ANSWER: First, understand that many of the carrier edicts you get from your field staff come from their home office and do not consider their input at all. They must bring you the company line, whether or not they agree. This results in some cases have been cynical field representatives and underwriters who do as they are told. There is little you can do to resolve their issues. However, there is a relationship building exercise that usually results in much better interactions with the carriers at the field office level.

When you create and implement your Strategic Plan (if you don’t do so yet – begin), include the carriers who you want to be your business partners. By including the underwriters, marketers or field officers in your Plans and in their implementation, you create a synergy that merges your goals with those of your favored companies. Then the proof is in the implementation – for both you and for the companies. If you “walk the talk” and your results meet your (and your companies’) expectations you will find the next year much easier and more cooperative than the prior year. The risk is in you planning to do much with little results. Relationships with carriers can deteriorate when commitments are made and not implemented. Similarly, your challenge to the carriers is to participate with you in your mutual success. If you do what you say you will do, but they don’t perform accordingly, you will know that your relationship issues are theirs, not yours and you should “go shopping” for companies who can meet your agency’s needs.

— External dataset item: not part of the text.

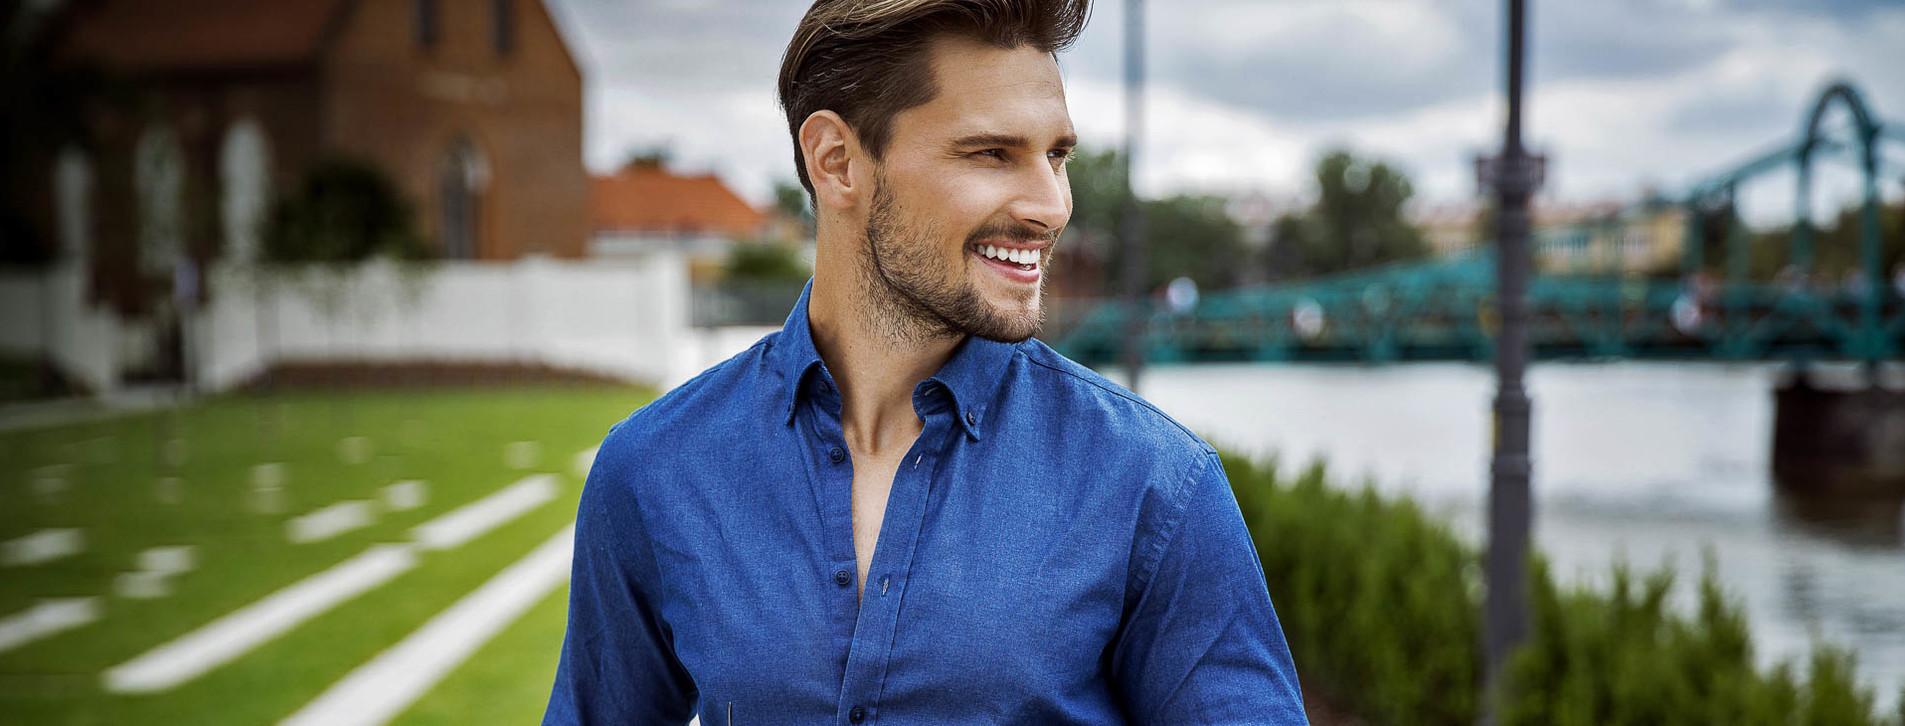 Фото - Индивидуальный пошив мужской рубашки
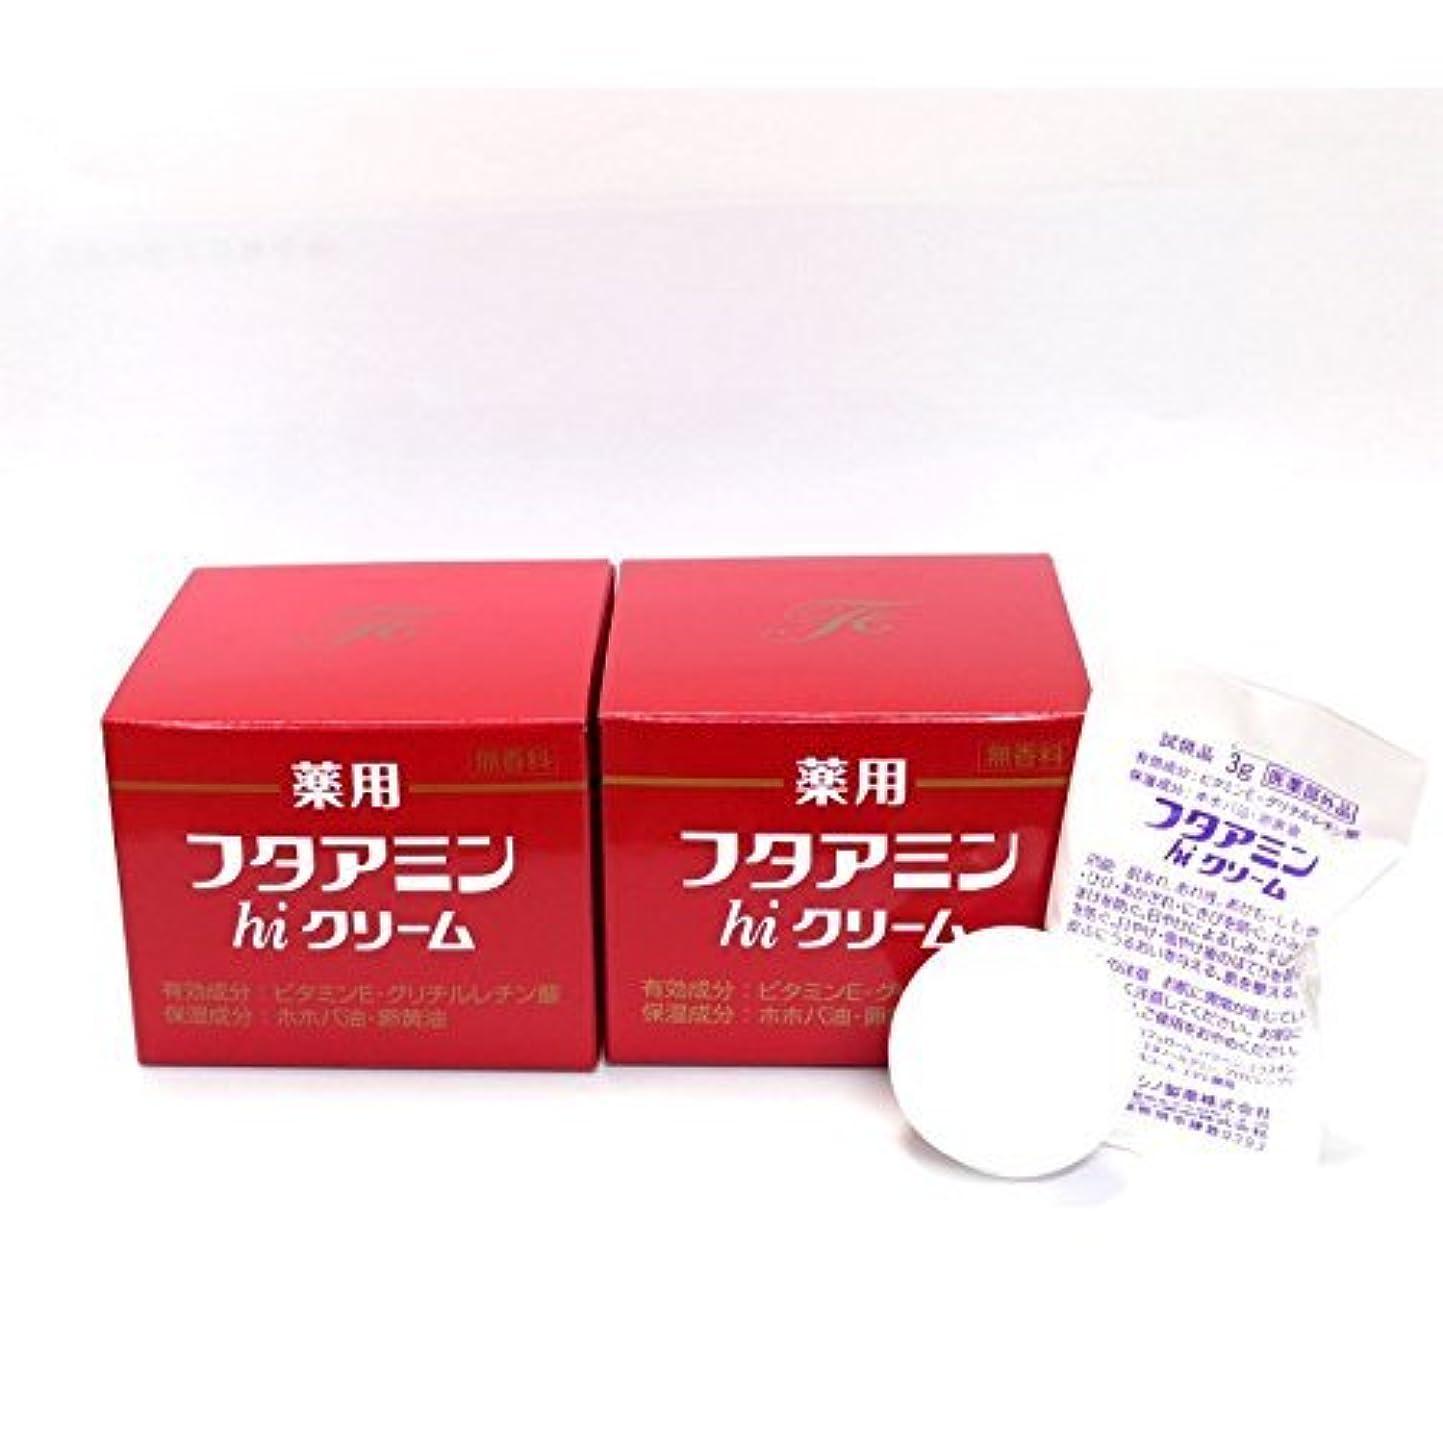 対抗休眠機構フタアミンhiクリーム 130g 2個セット  3gサンプル2個付

It is your decision whether to stay on that comfortable, but boring treadmill. After all, you are making a living and, regardless of your frustrations, being an agency owner is not the worst profession on earth. When the frustrations get big enough, agency owners are comparing CHANGE to RETIREMENT. If the pain of change is more ominous than the pain of retirement (or merging out of existence), then the decision is obvious. However, agency owners must be aware that their contemporaries have met each challenge that they have experienced and have broken through to profit, growth and professionalism. There is plenty of help available to attack the frustrations and problems of running an agency if they are up to the challenge and would like to see their agencies continue and perpetuate themselves internally.